Highlights & Insights

  • The VQ-VAE+MI analysis framework is highly generalizable—avoiding the cross-contamination of probes and the manual engineering of circuit discovery.
  • The finding that "models internally retain alternative path information" is significant for understanding LM robustness.
  • The observation that nMI is higher for the second node than the first in PF tasks suggests implicit "reverse planning," which aligns with human problem-solving strategies.

Limitations & Future Work

  • VQ-VAE compression inevitably loses information; the absolute values of MI estimates are unreliable (the authors admit to only analyzing relative trends).
  • Experiments were based on GPT-3 Small (~125M parameters); planning behavior might differ in larger models.
  • Only diagnostic analysis of computation history was performed for natural language (OpenWebText), rather than horizon/branch analysis.
  • Inconsistent differences between NTP/MTP may be related to model scale.
  • vs. Linear Probes: Probes introduce additional expressive power leading to confounded results; the VQ-VAE+MI method is immune to this.
  • vs.
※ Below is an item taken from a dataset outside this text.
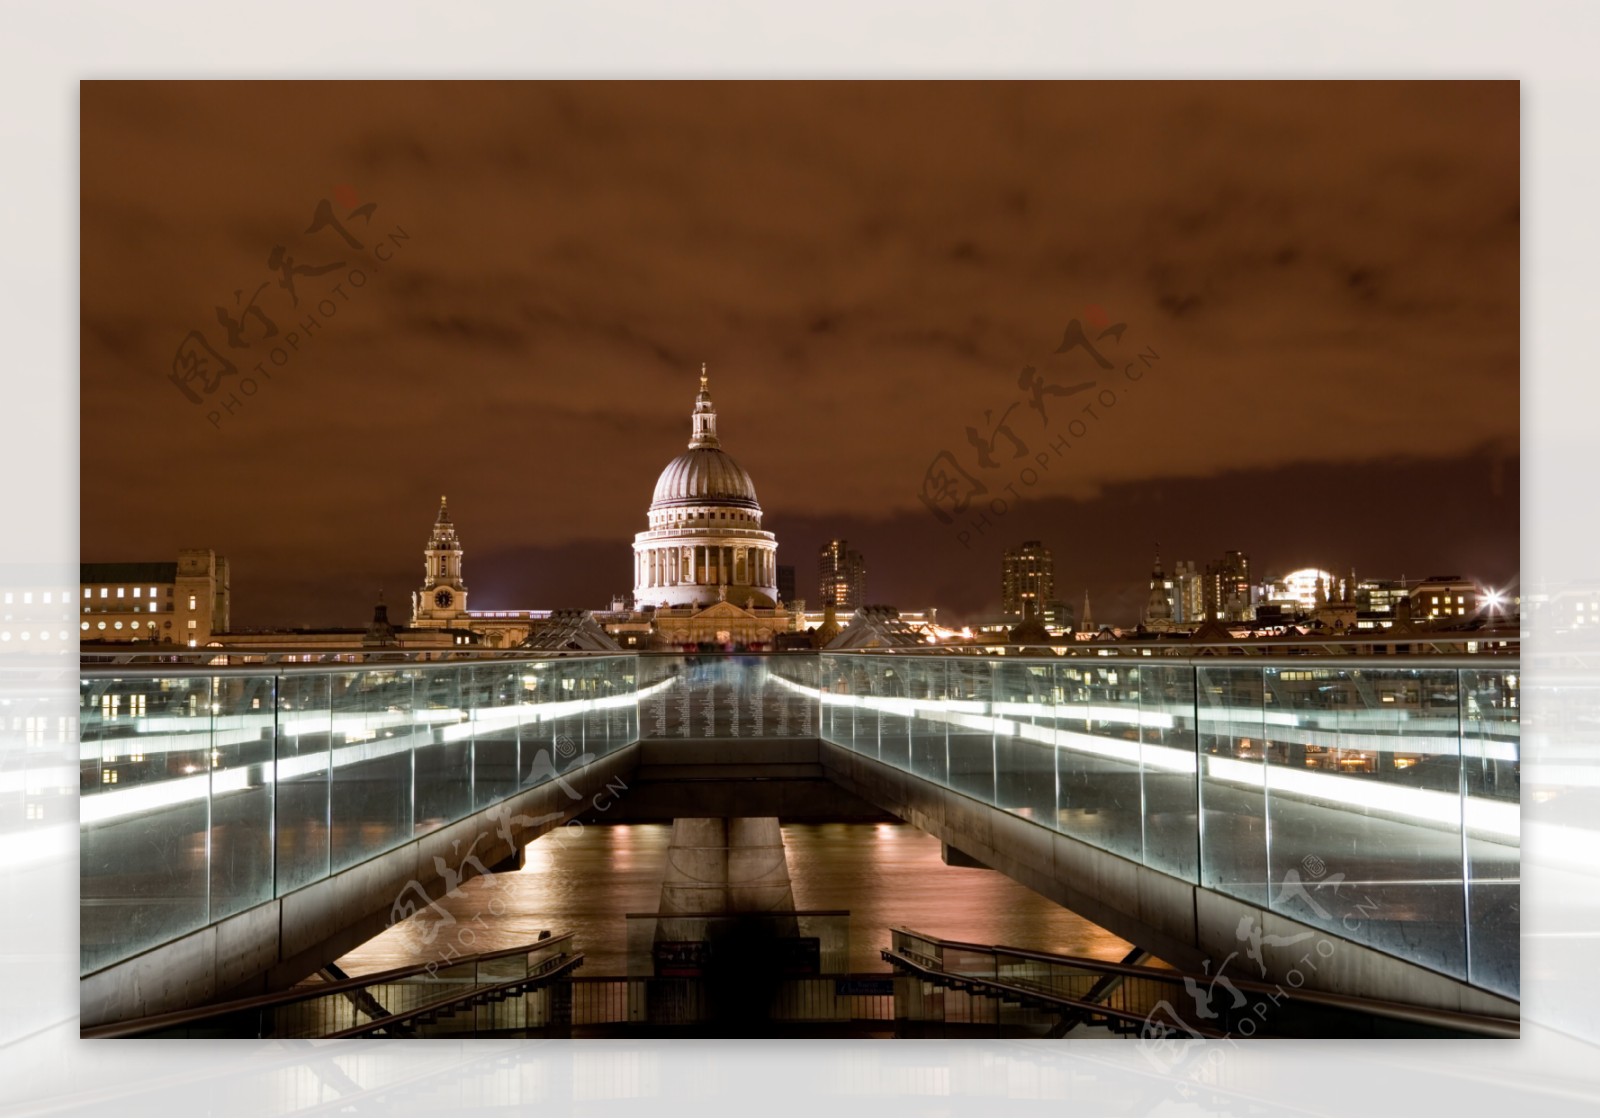 唯美伦敦夜景图片

Circuit Discovery: Circuit discovery requires extensive manual engineering and is difficult to scale, whereas this framework is automated and general.

Rating

  • Novelty: ⭐⭐⭐⭐⭐ The VQ-VAE+MI analysis paradigm is entirely new, and the three analysis dimensions are elegantly designed.
  • Experimental Thoroughness: ⭐⭐⭐⭐ Coverage of the three task types is comprehensive, though the model scale is small.
  • Writing Quality: ⭐⭐⭐⭐ Rigorous framework, clear formulas, and very detailed appendices.
  • Value: ⭐⭐⭐⭐ Provides a new tool for LM interpretability, though practical application scenarios are currently limited.